Reviews
Mark McGuinness reviews Brian Henry’s Graft (Arc) and Maggie Sawkins’ Charcot’s Pet (Flarestack Publishing, 41 Buckley’s Green, Alvechurch, Birmingham B48 7NG, ISBN 1900397528, £3)
Brian Henry’s Graft is not a book for reading late at night. Not because it will give you bad dreams, but because it will give you a headache. More than most poets, reading Henry requires a clear head and a nimble mind. For instance, try getting to grips with this when you’re tucked up in bed with a mug of Ovaltine:
said of the something parted by telepathic
particulars
none deserved fortune’s bath
the cleavage of the matter in clear view
wants accumulated like passages
night its own coat-hanger…(Infirm)
As with Henry’s first collection, Astronaut, questions like ‘What’s it about?’ or ‘But what does it mean?’ often have to take a back seat while reading Graft, in favour of a willingness to enjoy the writer’s verbal and metaphorical ingenuity. For example, one of several poems titled This Blueness Not All Blue starts with the beautiful and intriguing line “It resembled a sun but could feather” and proceeds through a series of evocative comparisons, without ever spelling out exactly what the “it” is:
The sound of the touch of the she it resembled
seared into your scrap of a body as you
slipped from those arms and wondered
what it wouldn’t have been like to fly
Here metaphor becomes a disorienting device, as the poem jumps in quick succession from a “sound” to a “touch” to a “she” to an “it” to a “scrap” to a “body” – like watching a cartoon Proteus switching shapes – before slipping “from those [whose?] arms” and vanishing through a negative conjecture like a trapdoor, without even a full stop to hold on to at the end. The effect can be bewildering but also exhilarating, and Henry displays a linguistic and intellectual exuberance comparable to Paul Muldoon.
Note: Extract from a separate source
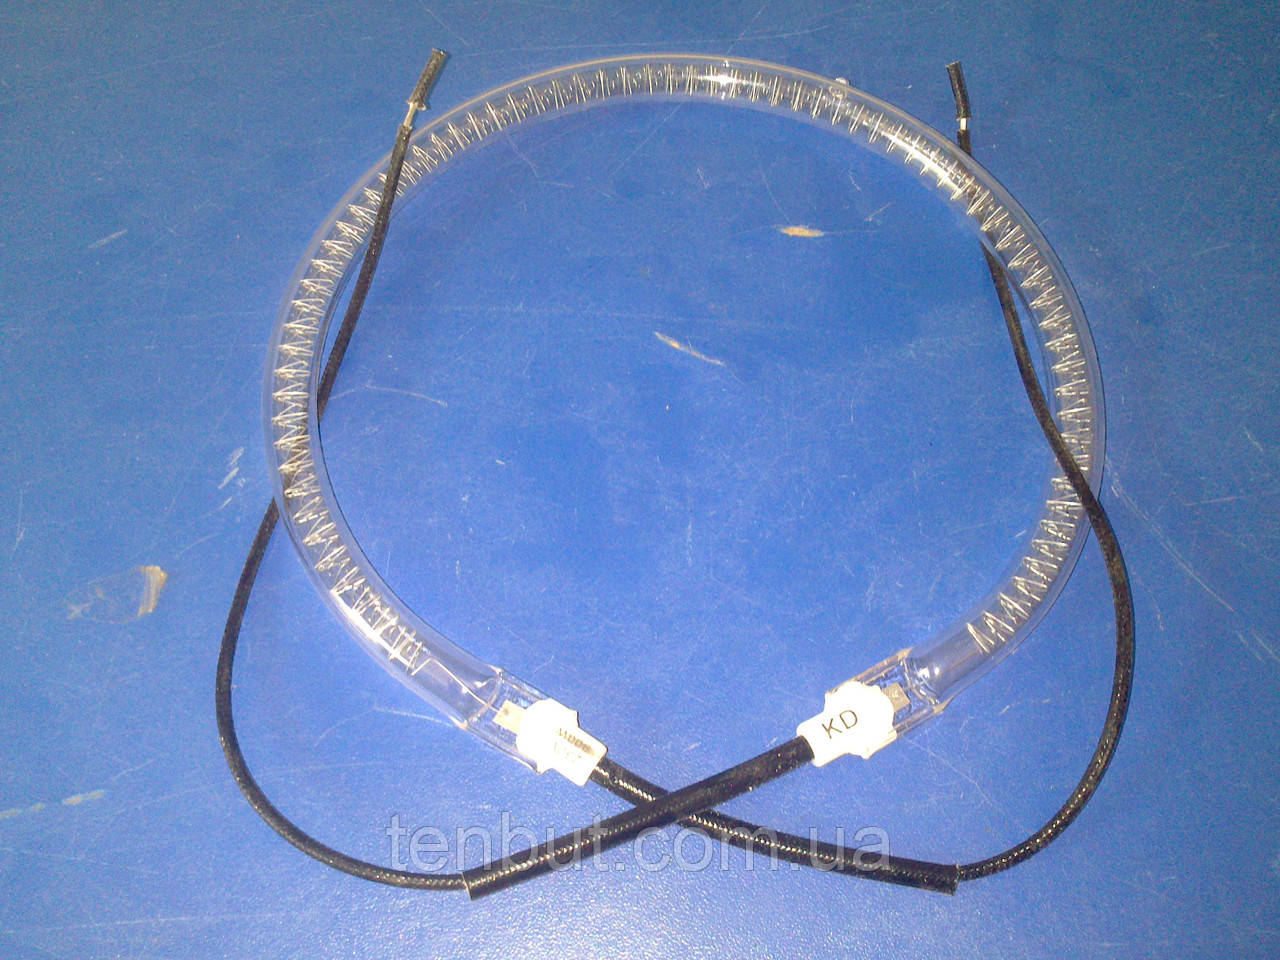 Тен лампа (нагрівач) для аерогриля 1200 Вт. / 220 В. / діаметр Ø150 мм

Although Henry and Muldoon are stylistically distinct, they are both lyrically gifted poets who are apparently not content with lyricism, attempting to engage the reader’s head as well as heart, and taking evident pleasure in poetry as a mental game.
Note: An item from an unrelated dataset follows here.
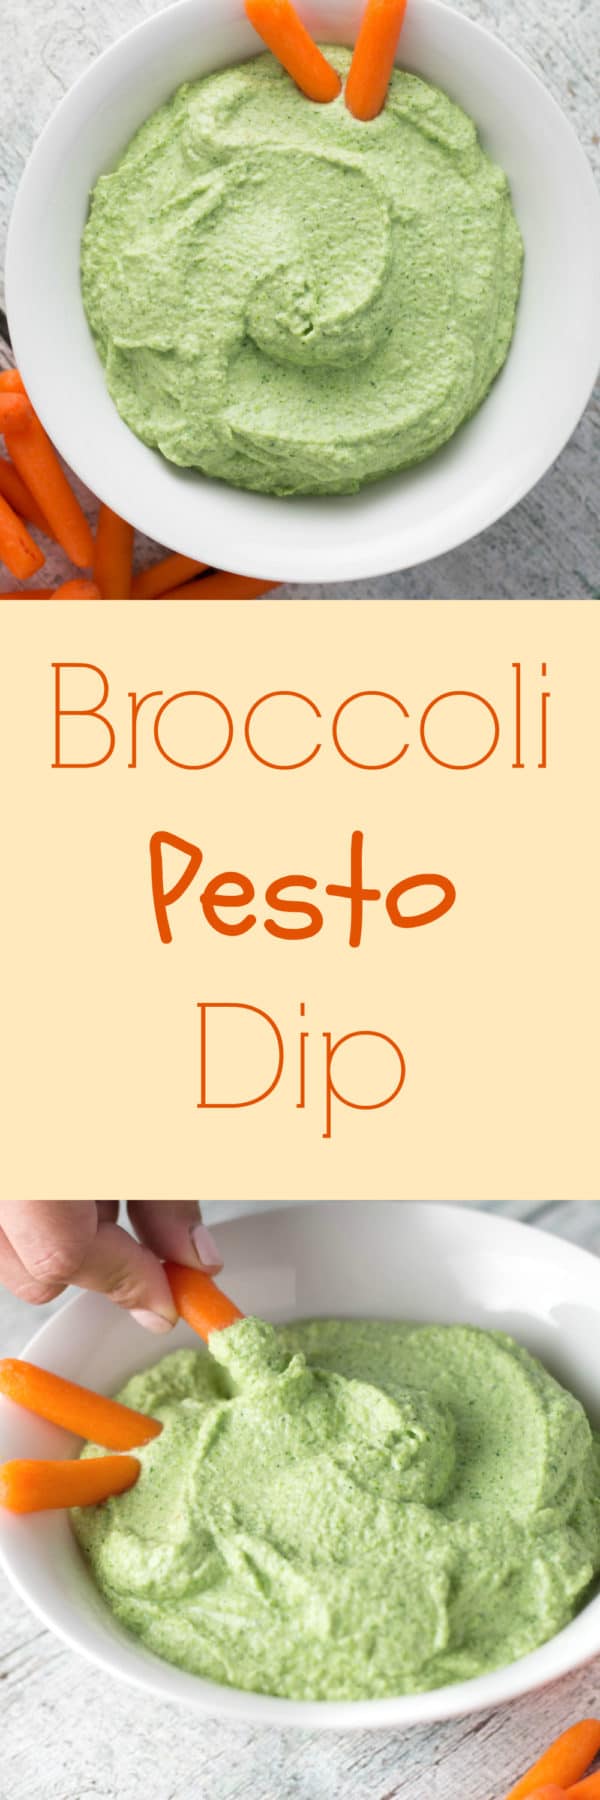 Broccoli Pesto Dip for the win! |Krollskorner.com

Astronaut displayed this playful quality in abundance, and though it is still in evidence in Graft, much of the new collection has a darker, less happy quality, reflected in the dour title. This is particularly strong in some of the erotic poems, where the mind-games can turn nasty. Such as the title poem, which begins:
The woman pinching her nipples
with increasing force
does not practice for her lover’s bite
whatever her lover whispers
to himself in bed with himself.
The tone is set by the solitary act, the separate lovers, and the prominence of “force” and “bite” at the end of successive lines. The second verse describes the woman as “perhaps” thinking abstract thoughts about “the crocus / pushing through the dead / matter of the yard”, before the poem corrects itself:
This, at least, is what her lover thinks
she thinks; what he fears
she thinks is another matter:
another man, a woman like her
in build and demeanour,
a stranger seen for five seconds
then, now, obliterated by her hands.
This suggests another meaning of the word “graft”, as the image of the stranger is grafted onto the woman’s sexual fantasy (in her lover’s paranoid imagination). Henry skilfully constructs an Escher-like maze of imagined perspectives through the repetition of “thinks” and the use of line breaks to reveal new avenues of thought (“what he fears / she thinks”). And of course, none of this tells us what the woman really thinks.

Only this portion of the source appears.